# Question about fur growth



## dio.ren (Jan 18, 2013)

When Molly was about 6 months she got her first full haircut and it was short and she lasted at least 2 months or more before her next one.

We got her cut 3 weeks ago and somehow it's like her hair has grown super fast and like she needs a haircut again

At 75 dollars a pop that is a lot but I love the salon where we take her. She is almost 10 months now so does the fur grow faster when they are older or am I just imagining this?? I used to love her "shaggy" but now I like her better with the short hair. I don't even pay 75 dollars a month for my hair ha! I don't want her shaved down but they used something longer than a number 4. The first time she went she was smaller so they said a #4 would be too short so maybe now it would be ok??

Not sure what number to use?

The first picture was her first haircut at 5 -6 months and the second is the last one. She used the same lenght but it looks longer? Maybe cause she is a big girl now her fur grows faster??


----------



## lady amanda (Nov 26, 2010)

They used a 4 on Lady this last time....so Christine would be happy!


----------



## dio.ren (Jan 18, 2013)

I think Donna had said they used a 4 on Jake and the groomer said his fur seemed thicker and because of her build that it would be too short on her so I have no clue what she used all I know is that her fur has grown a lot in 3 weeks I love lady's new look she looks like a teddy bear  Won't show this to Christine I wan't her shorter but not too short I like her perm head


----------



## GorgeousGeorge (Jan 19, 2013)

Just a thought Renee but have you thought about trimming her yourself? If you do like her shorter then it may be easier than you think if you get some good quality trimmers and may be go on a day pet grooming course? I have been trimming George over the last two weeks for the first time as I keep hearing the horror stories about groomers. I know it has taken me a while but almost done, have sed a friends trimmer (will by myself a qality one) and scissors, will try and post before and after pictures when I learn how. OH even say's that George does not need to go to the groomers with Harry(cairn) as I have not done a bad job! The joy with cockapoos is that small mistakes do not show up much. Even my friend let me have a go on her cairn, but not so easy as any mistake shows up, at the moment he has had only 3 legs trimmed not a good. look


----------



## lady amanda (Nov 26, 2010)

REene, if you want to borrow some clippers, I would lend you mine if you want. and if you happen to find a one day course, I would totally go too..I just cant seem to find any.


----------



## dio.ren (Jan 18, 2013)

Well grooming her myself would be great but even if I did take a course she would probably end up bald or missing an eye or something. I have a hard enough time just brushing her She is so freaky washing her face is a big ordeal for her. So I guess not an option for me.

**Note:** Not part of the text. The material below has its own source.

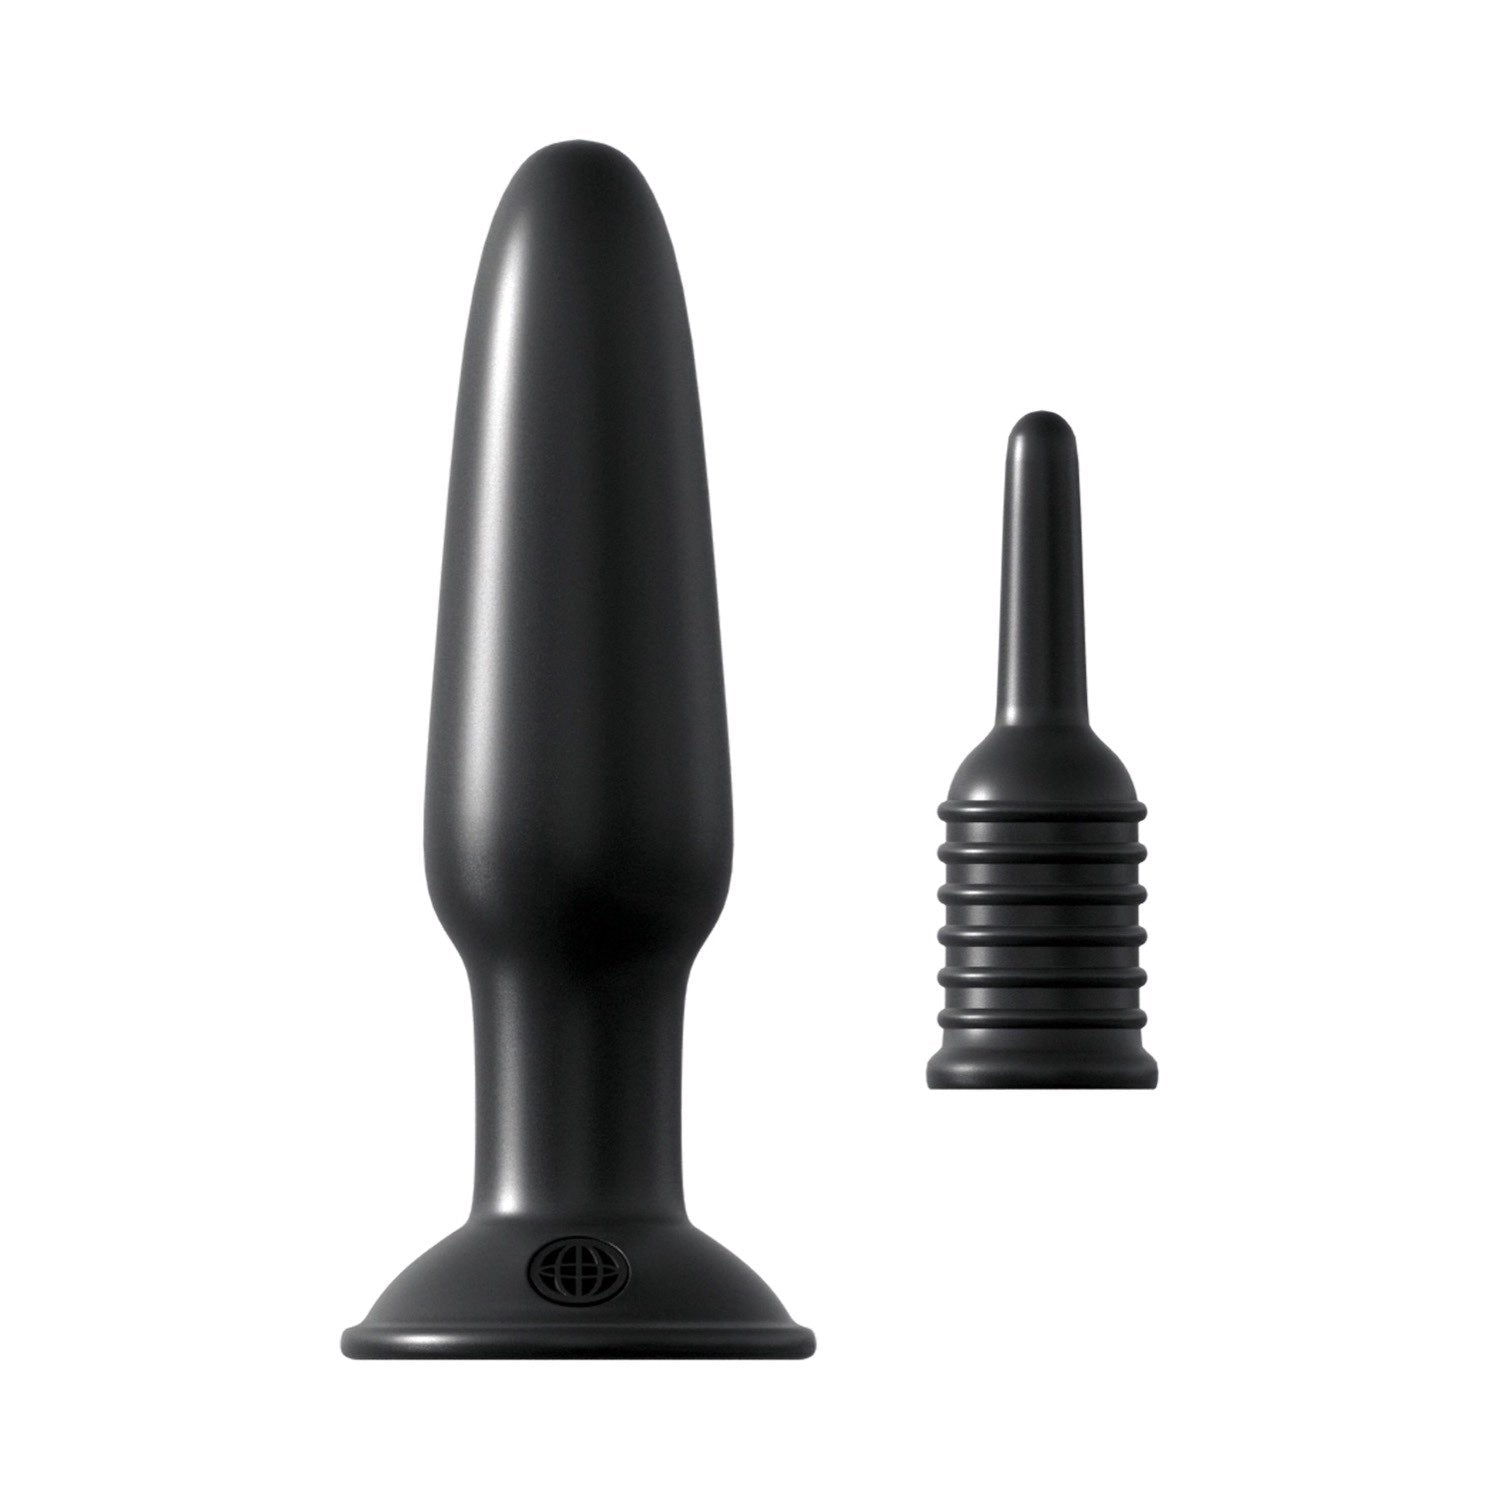 Anal Fantasy Collection Beginner&#39;s Fantasy Kit - Black Anal Kit - 6 Piece Set by Pipedream

All I want to know is if their hair grows faster as they get older?? Now that she is 9 months and a bit maybe she has her adult coat but I am not sure? Last time it just didn't grow as fast for some reason We just might have to go for the Lady look the debate is still on about that one


----------



## lady amanda (Nov 26, 2010)

I dont think so...Lady goes from Bald to Fluffy Mop in about 6 months


----------



## dmgalley (Aug 19, 2012)

dio.ren said:


> I think Donna had said they used a 4 on Jake and the groomer said his fur seemed thicker and because of her build that it would be too short on her so I have no clue what she used all I know is that her fur has grown a lot in 3 weeks I love lady's new look she looks like a teddy bear  Won't show this to Christine I wan't her shorter but not too short I like her perm head


I also found out that the combs are number different in the U.S. they are opposite. 
my four is 1/4 and i have been using 3/8 on him cause i am growing him longer. 

Sent from my SGH-T989 using Tapatalk 2


----------



## dmgalley (Aug 19, 2012)

Willows hair seems to be growing like a weed all of a sudden too. Hubby and I were just talking about that last night. She went weeks with nothing and then suddenly she is over grown. I wonder is it a growth spurt thing. 
The first one is the day off her spay a week ago. Suddenly she us a mop. 
Sent from my SGH-T989 using Tapatalk 2


----------



## dio.ren (Jan 18, 2013)

Wow that is a big difference..........maybe some poo's grow faster or maybe they are like chia pets ha! If you water them they grow extra I just don't understand how she was short and then boom her fur is long.....3 weeks. I think maybe it's because her puppy fur is gone and this is her adult coat?? Maybe Kendal can shed some light on this she seems to know a lot!


----------



## Marzi (Sep 17, 2012)

Mop or not Willow is gorgeous.
Short or shorter Molly is such a cutie.
You guys are so lucky to have such stunning girls.


----------